Chapter VI: An Empirical Analysis of Impact of Education on Agricultural

Practices and Productivity

This chapter focuses on the main content and findings of the study. It deals with the analysis of impact of education on agricultural practices and productivity and shows the impact of the level of education on agricultural practices and quantum of production. The chapter is divided into five sections. The first section analyses the types of crops grown by farmers. The second section discusses the earnings of farmers by level of education and size of land holdings. Third section deals with an analysis of cost of production, yield and income earned from the cultivation of different types of crops. In this section, efforts are made to find out the correlation between the level of education and various aspects of production. It is found that farmers with higher levels of education devote higher proportion of their land for the cultivation of non-

11 food grain crops. It is also found that all farmers with every level of education earned higher income by the cultivation of non-food grain crops than that of food grain crops.

The fourth section reviews various factors directly and indirectly affecting agricultural activity and views of farmers while the fifth section deals with the testing of hypothesis.

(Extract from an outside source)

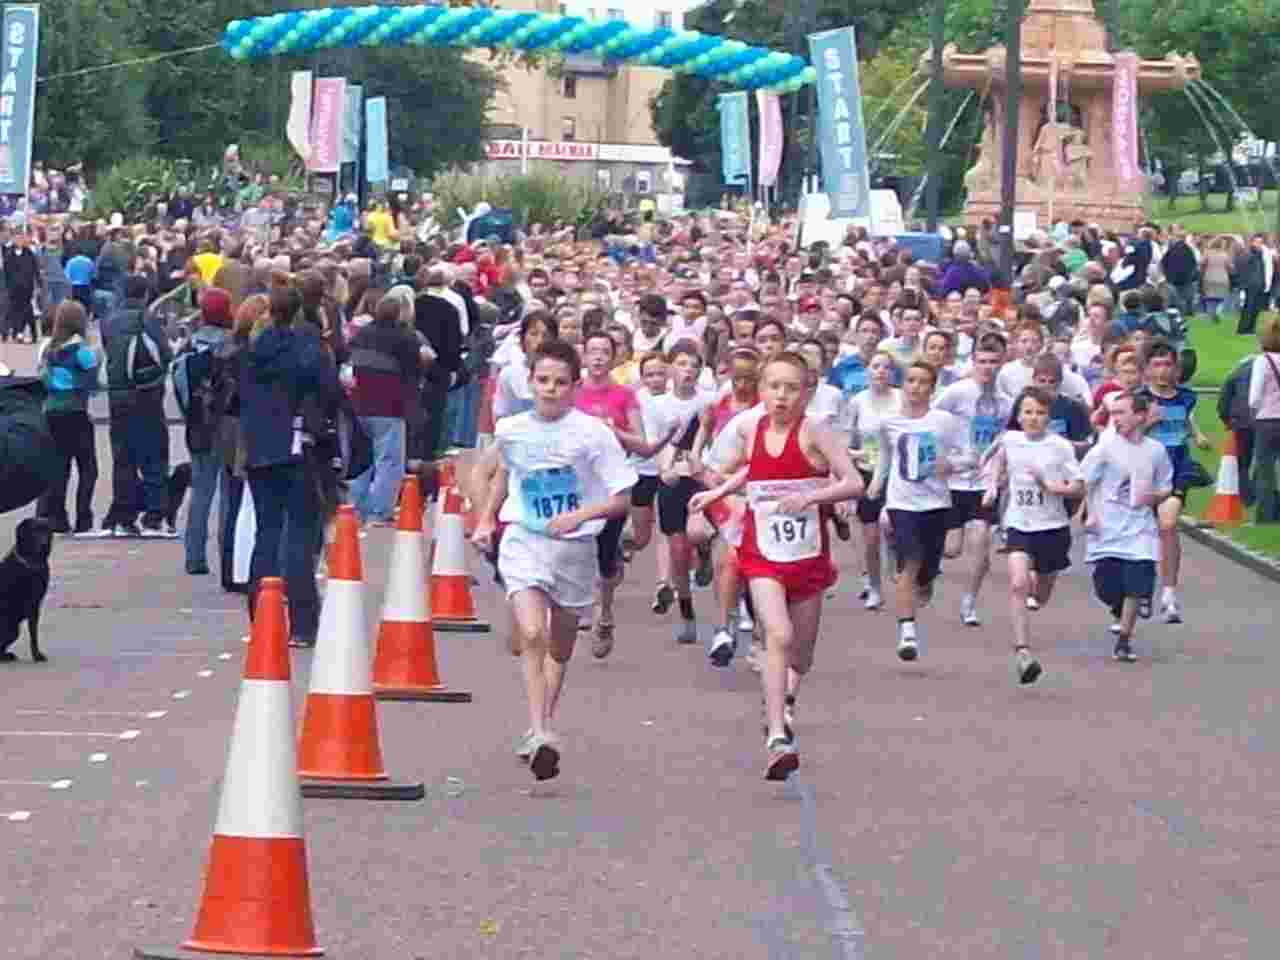 2008-great-scottish-run-04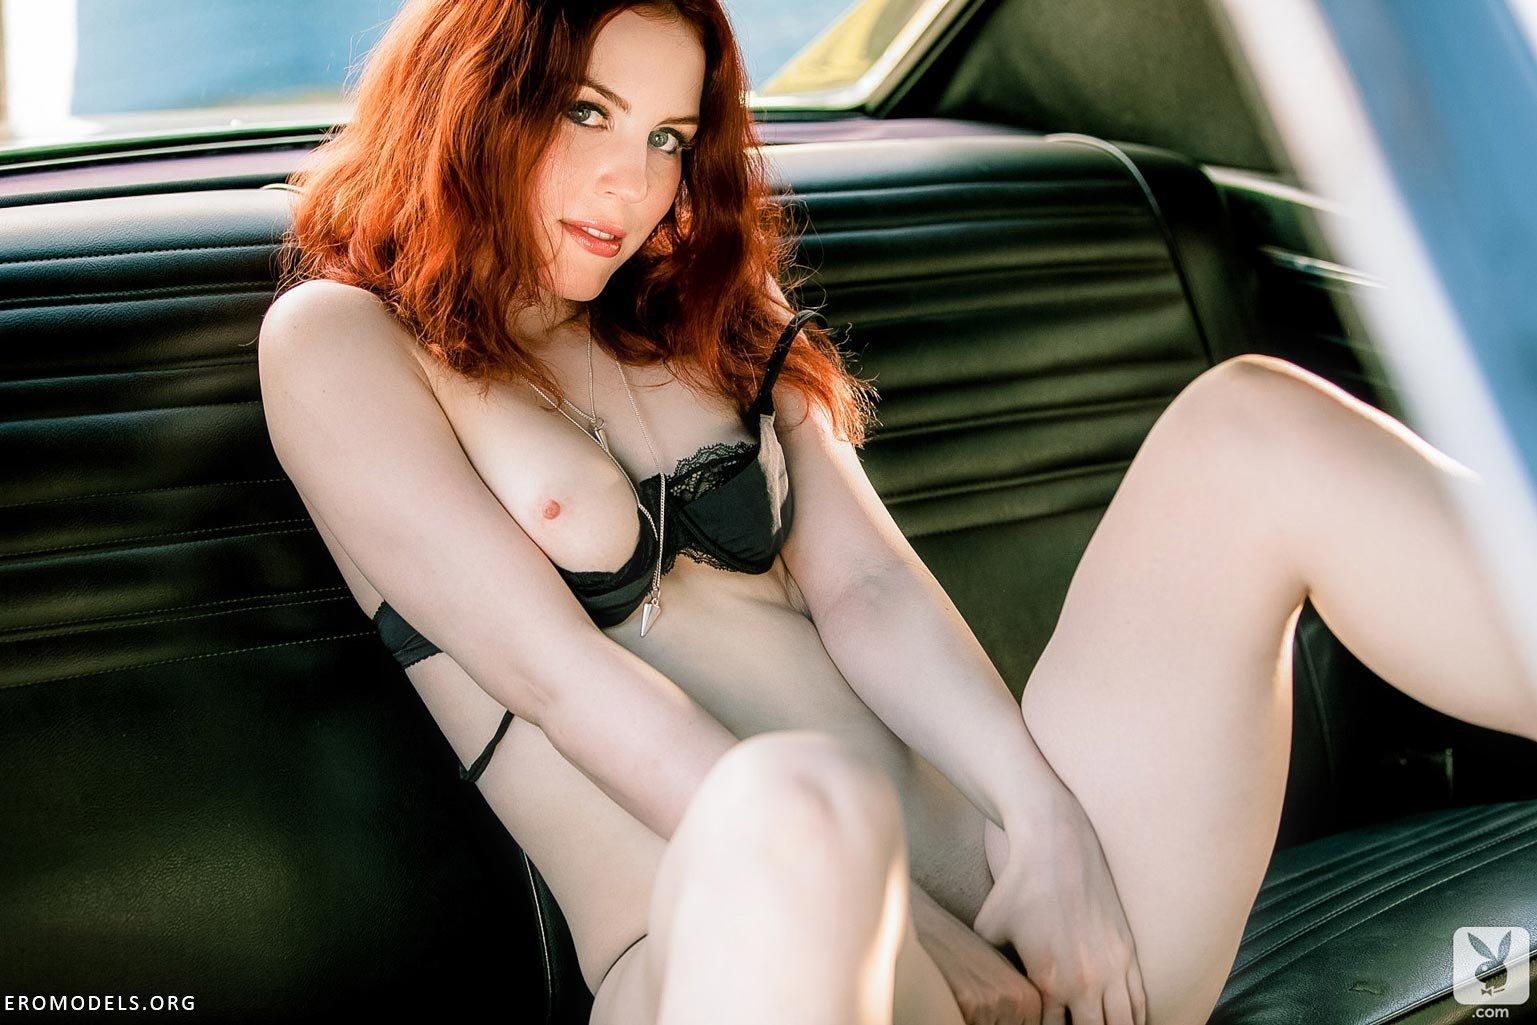 Эротика в салоне автомобиля, порно відео с японской

Chapter VII: Summary and Conclusion

This chapter deals with major findings of the study, summary of the study and conclusions derived from the study. Suggestions are made in the light of the issues that have been raised through the study. It also gives an account of the limitations of the study and enlists the scope for further research and enables the academician and policy makers to formulate and implement appropriate policies for a balanced, integrated and overall agricultural development especially in the State of Goa.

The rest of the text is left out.